В начале 1760 г. Сенат официально одобрил меры, принятые Корфом, и взял на себя расходы по обучению. О том, что учеба шла хорошо, и за прошедший год переводчики достигли успехов в немецком языке, свидетельствует состоявшееся в 1760 г. производство шести бывших учеников в студенты Кёнигсбергского университета. На этом основании они просили об увеличении жалования с 50 до 90 рублей, что сравняло бы их со старшими студентами, и в подтверждение приводили текст выданного им «матрикула» (в переводе на русский язык он сохранился в архивном деле): «По благорассмотрению высокородного и высокопочтенного господина академии ректора, физики профессора, прусской консистории советника и находящихся здесь пансионеров куратора Иоганна Готтофреда Теске, высокоблагородного и высокопочтенного господина академии канцлера, обоих прав доктора и ординарного профессора, прусской консистории вице-президента и официала Целестина Ковалевского князь Иван Шихматов, князь Николай Шихматов, Степан Доможиров, Сергей Бухвостов, Николай Бухвостов 8/19 апреля, Христофор Штеге 19/30 июня сего 1760 году в Кёнигсбергской академии во число студентов произведены. Во свидетельство чего практической философии профессором и философского факультета деканом Каслем, Андреем Христиани реченой академии и печать приложена. Кёнигсберг сентября 8 дня 1760 году»[291].

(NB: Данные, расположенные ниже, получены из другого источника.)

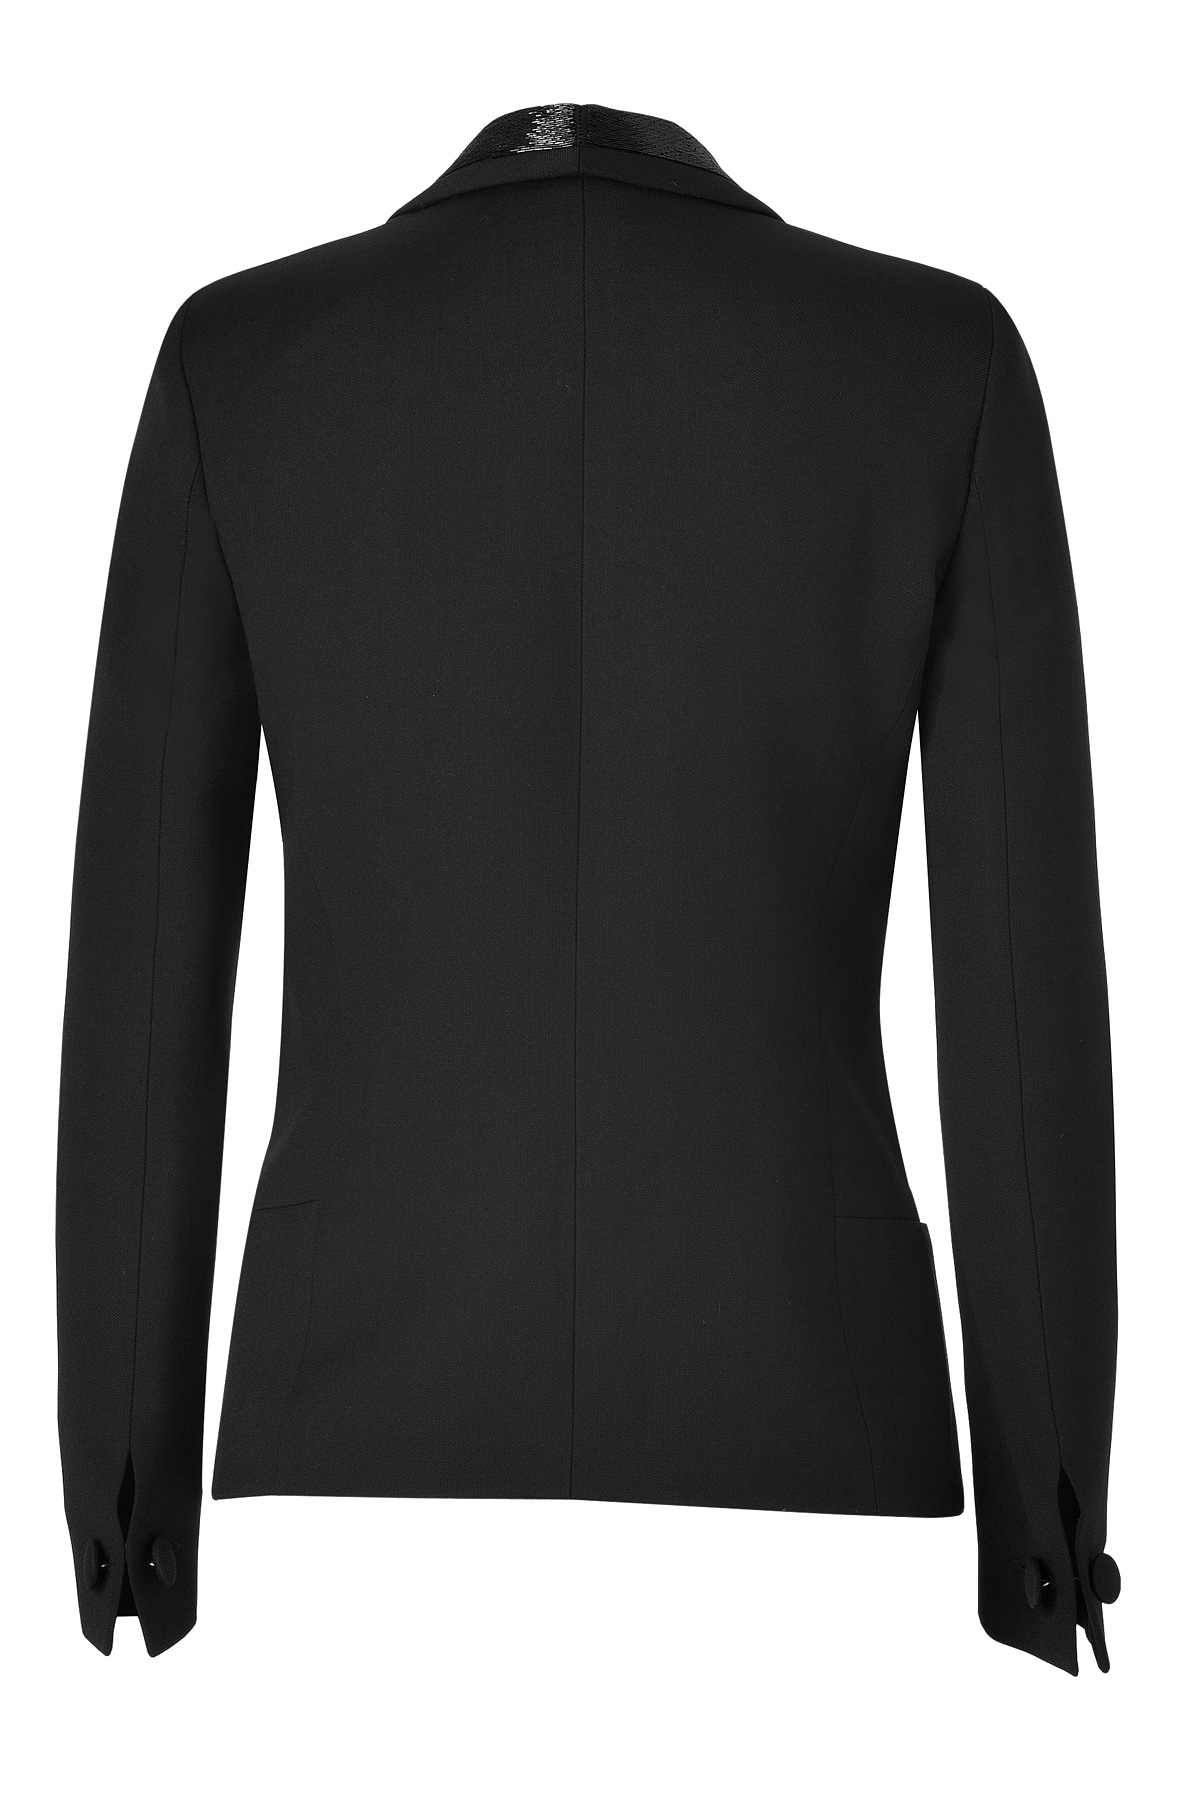 Lyst - Emilio Pucci Black Wool-Silk Embellished Tuxedo Jacket in Black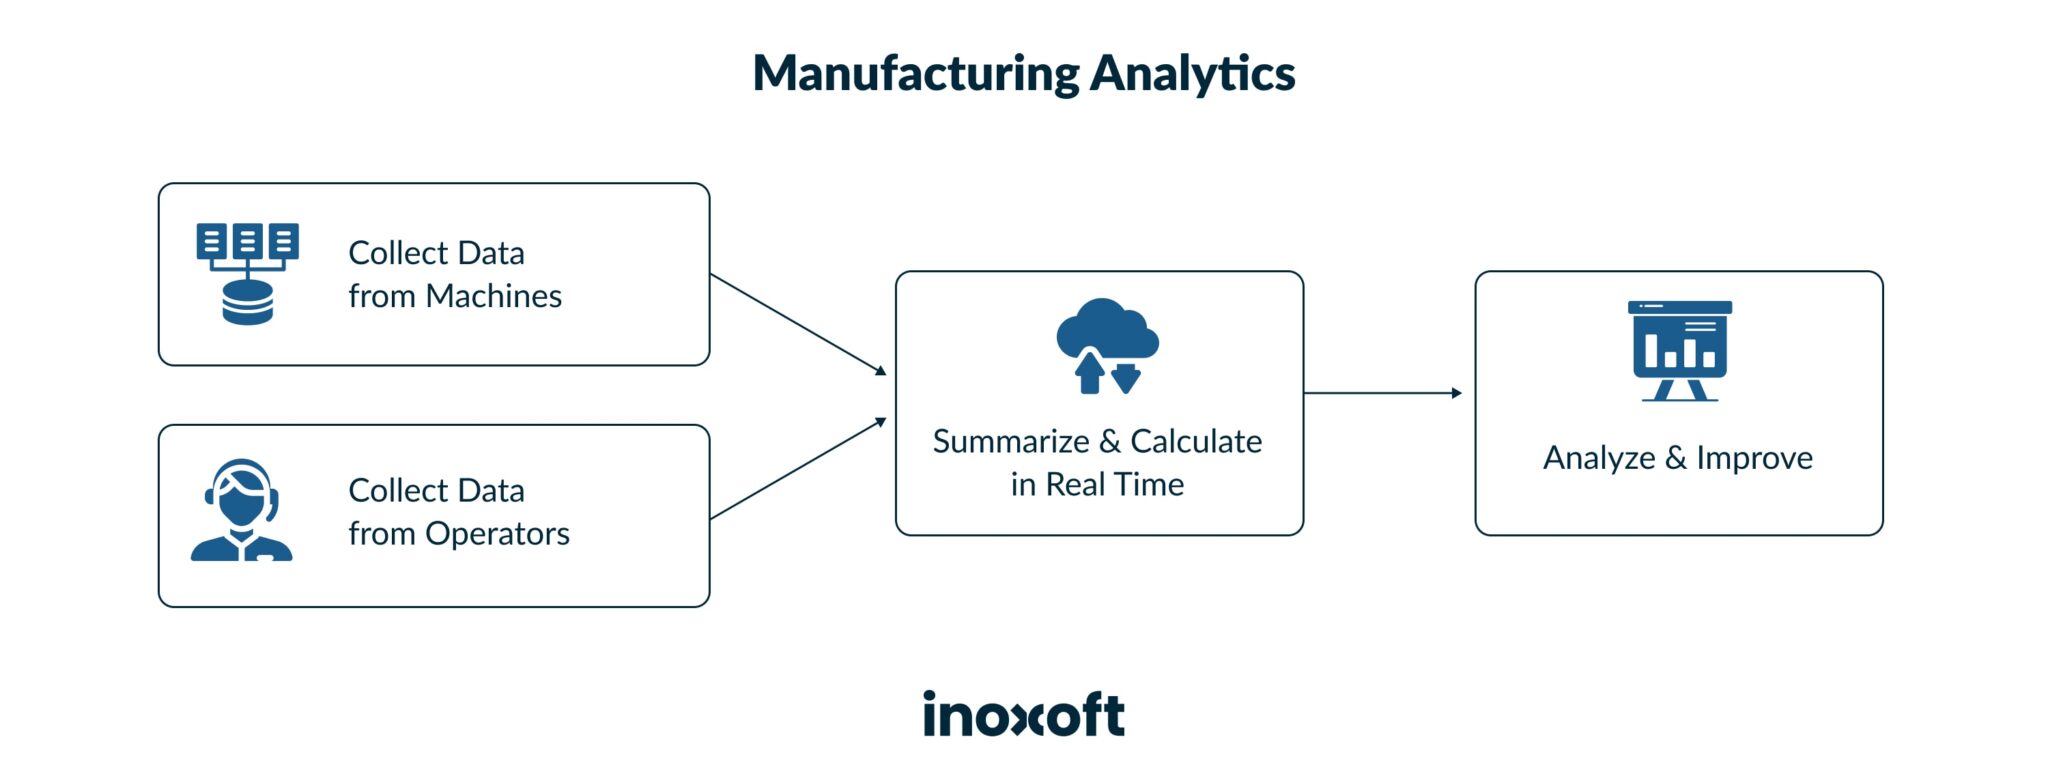 Manufacturing Analytics Process

Интересно, что четверо старших переводчиков — Малиновский, Садовский, Полонский и Семенов — в матрикулы университета так и не были записаны, хотя занимались вместе со всеми по распоряжению Корфа. Объяснение этому, вероятно, лежит в финансовой стороне дела: имматрикуляция стоила денег, при этом ничего не меняя в положении старших студентов, тогда как для младших само приобретение звания «студентов» означало изменение их статуса в глазах начальства. Заметно также, что никто из русских студентов в эти годы не стремился к утверждению своей «академической свободы», т. е. неподсудности со стороны внешних для университета властей, которая, очевидно, в период пребывания в Кёнигсберге русских войск была значительно ограничена [292].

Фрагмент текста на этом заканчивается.